For me, the most important stories today are the Options expiry and the OPEC meeting planned for next Friday.
Oct. 17 (Bloomberg) -- The U.S. stock market's wildest swings since 1929 may get even bigger as almost 80 million options expire today.
Owners of the contracts on stocks, indexes and exchange- traded funds have until today's close to take advantage of the rights granted by the calls and puts they own. Investors are preparing for the possibility that market makers will boost volatility by buying and selling stock to hedge the risk of the option trades they have facilitated, according to Scott Nations, president of Fortress Trading Inc.
``I'd expect some fireworks,'' said Herb Kurlan, president of Vtrader Pro LLC, a San Francisco-based options and futures brokerage. ``The unwinding of positions is going to be more pronounced because of the high volatility.''
About a quarter of the approximately 337 million existing options expire today, according to Chicago-based Options Clearing Corp., which settles all trading of exchange-listed contracts and is the world's largest derivatives clearinghouse. ......end of Bloomberg article.
OPEC has announced a meeting next Friday at which production cuts will be discussed.
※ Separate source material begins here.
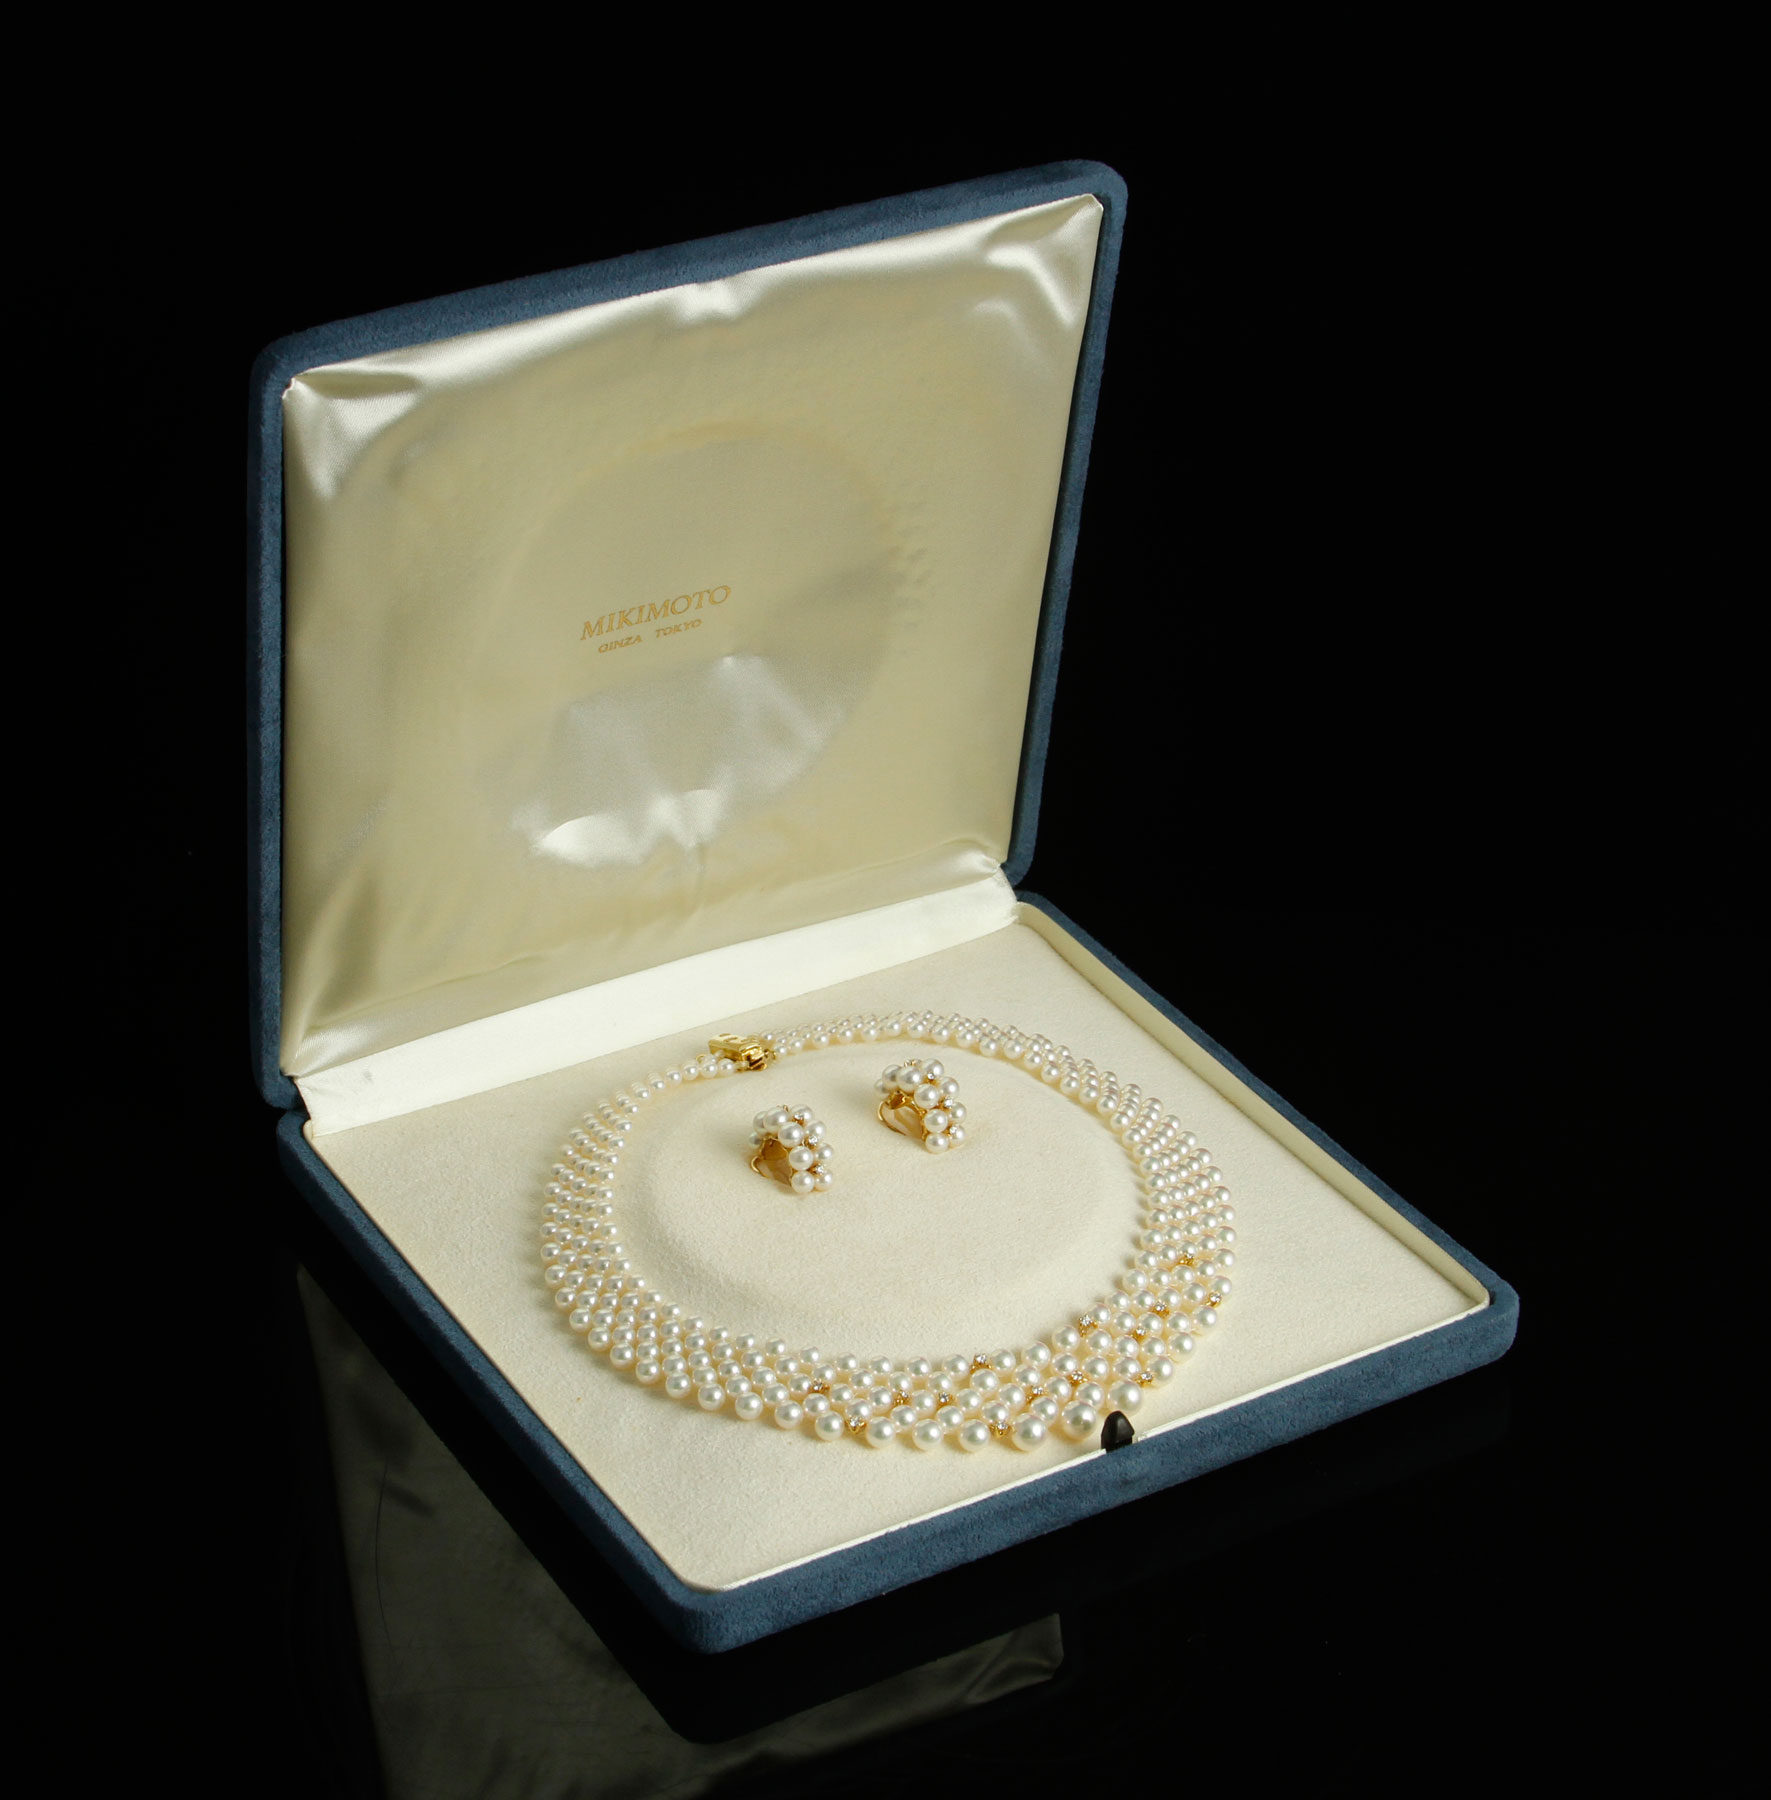 Mikimoto 18K Akoya Pearl Necklace and Earrings
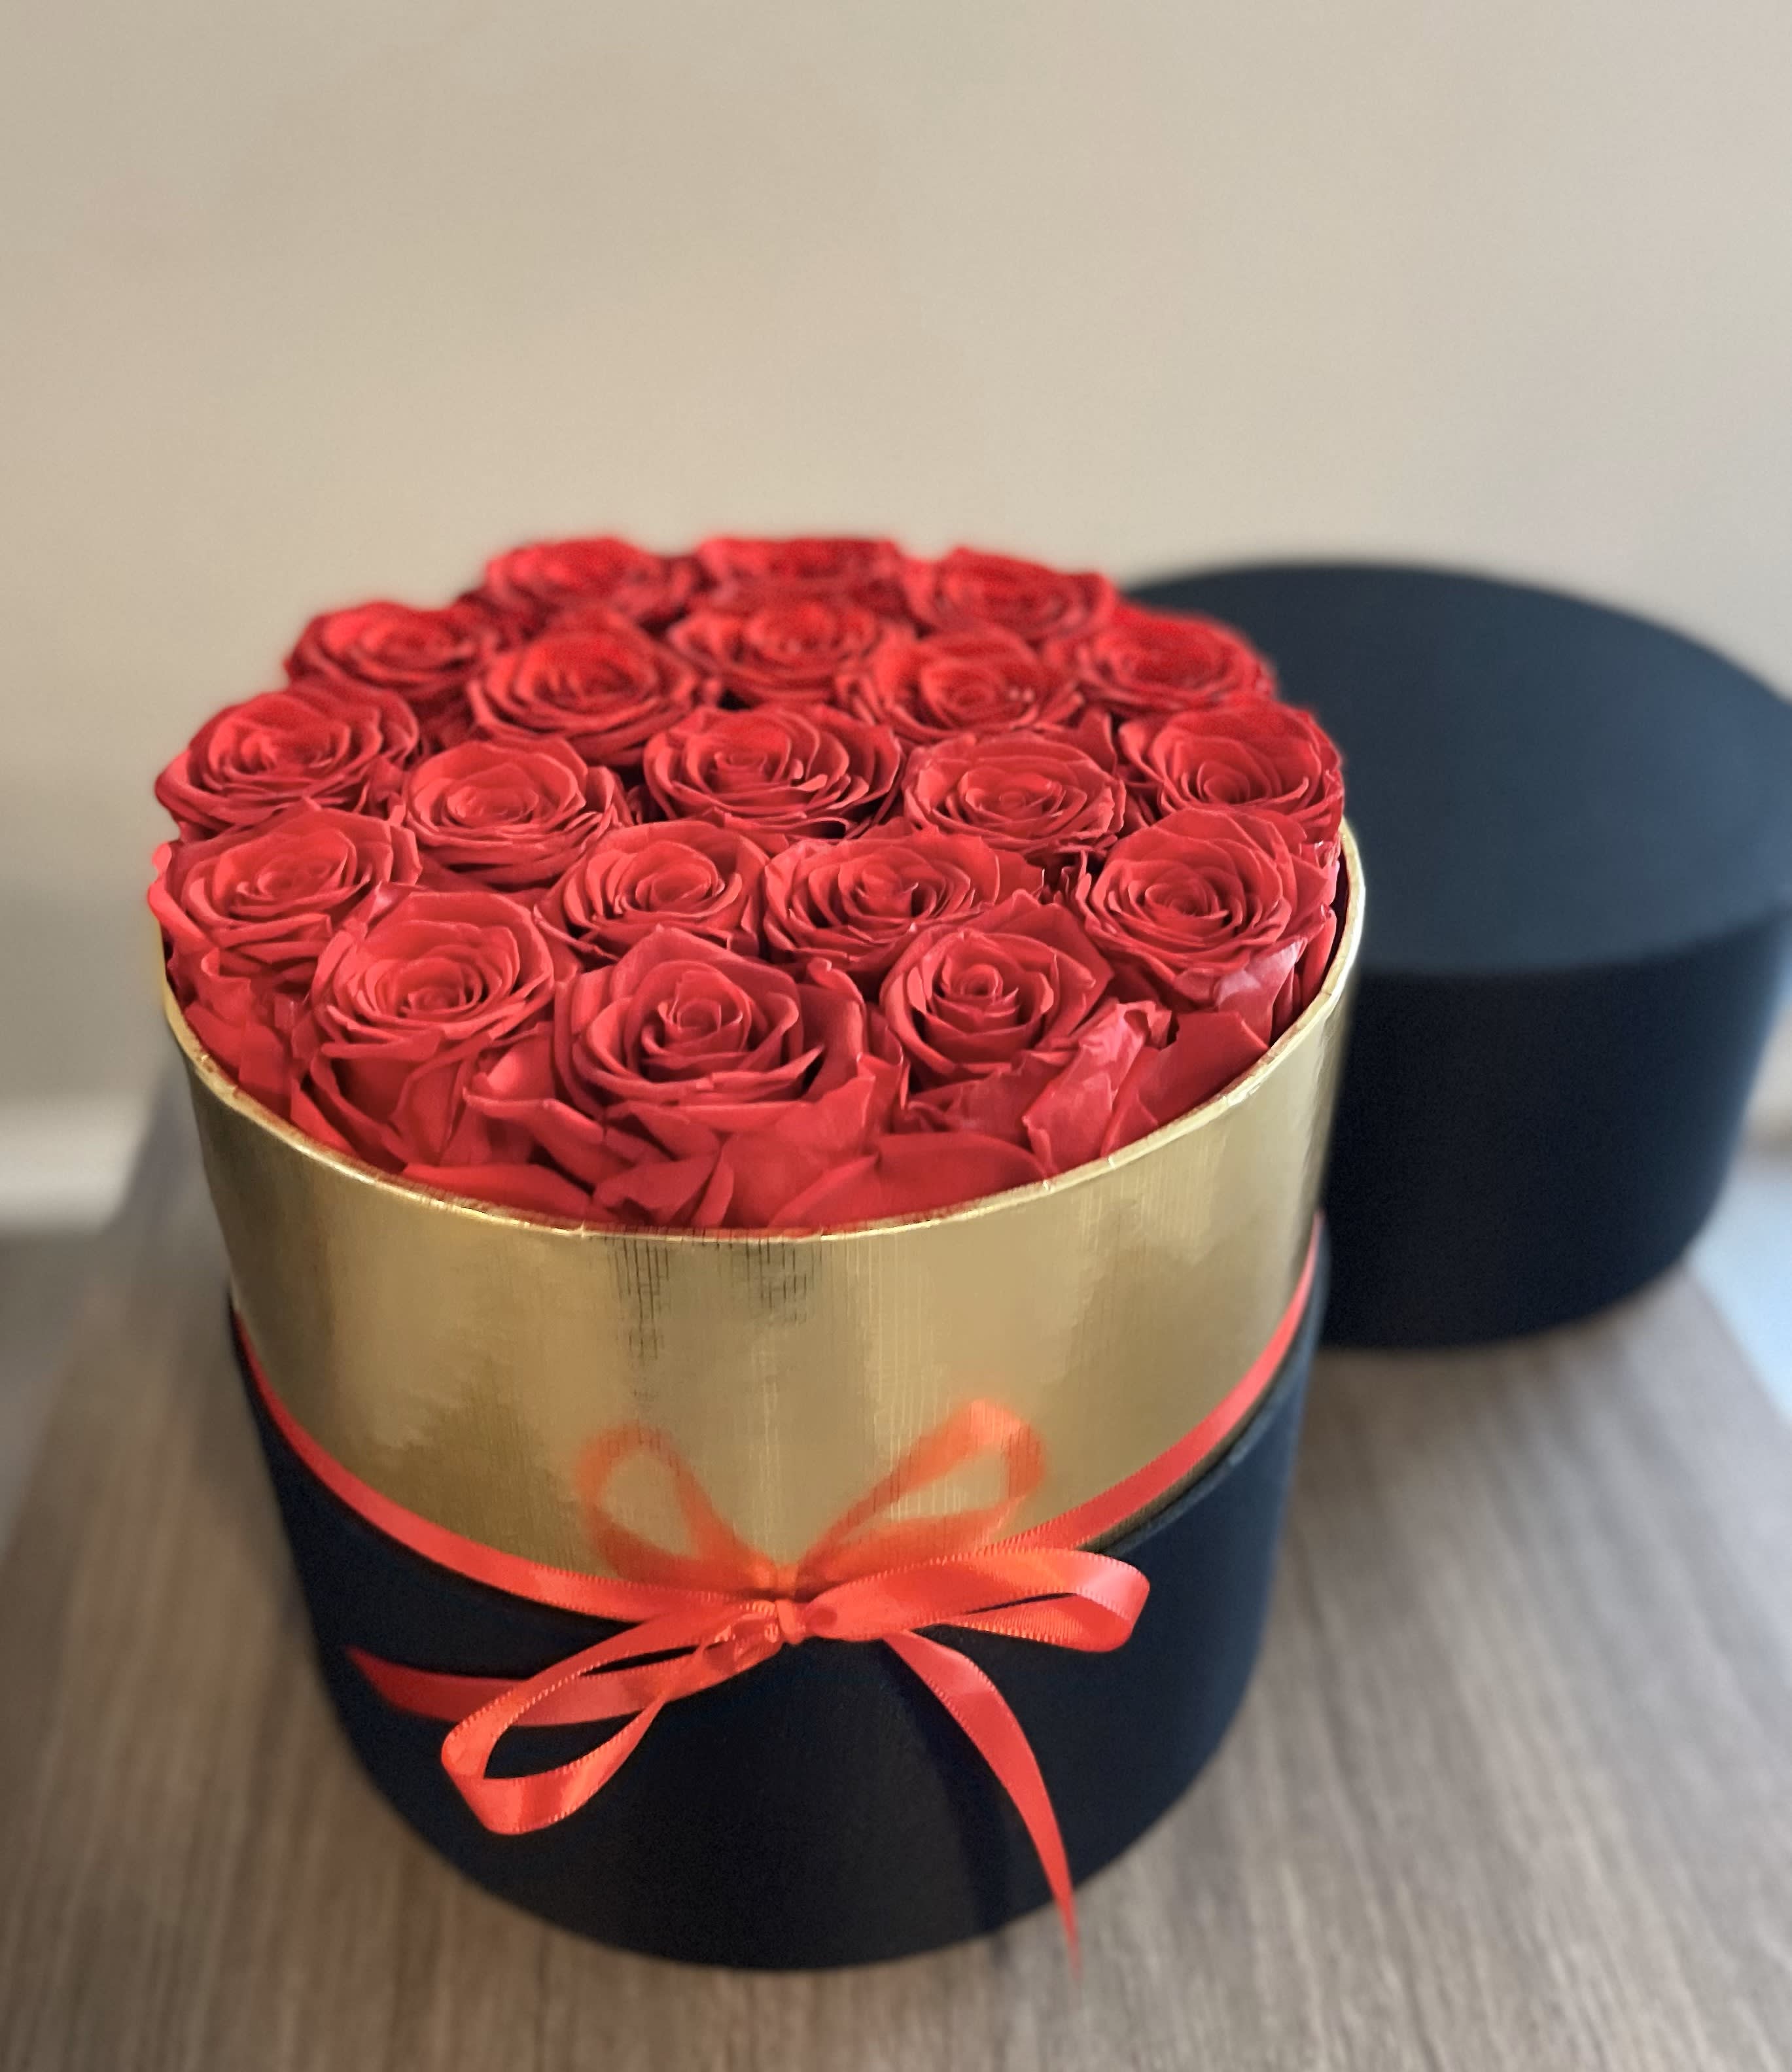  Preserved  20 Red Roses Large Cylinder Box - Stunning cylinder shaped box that contains 20 real preserved red roses that last two years or longer

Oil is trading in the low $70s this morning. Let's put this in perspective; oil rose along with most other commodities, forming a bubble, which burst late summer. Oil rose on the back of the commodities bubble (which was, itself, caused by investors, private and institutional, substituting commodities for equities in their portfolios). The oil price rise was never about producers wanting more for their oil, it was merely a consequence of falling stock markets. To raise oil prices at this time - given that the producers were able to operate perfectly happily on a lower oil price a year ago - would be the height of folly. Reports suggest that production will be cut though it not clear by how much, or their target oil price.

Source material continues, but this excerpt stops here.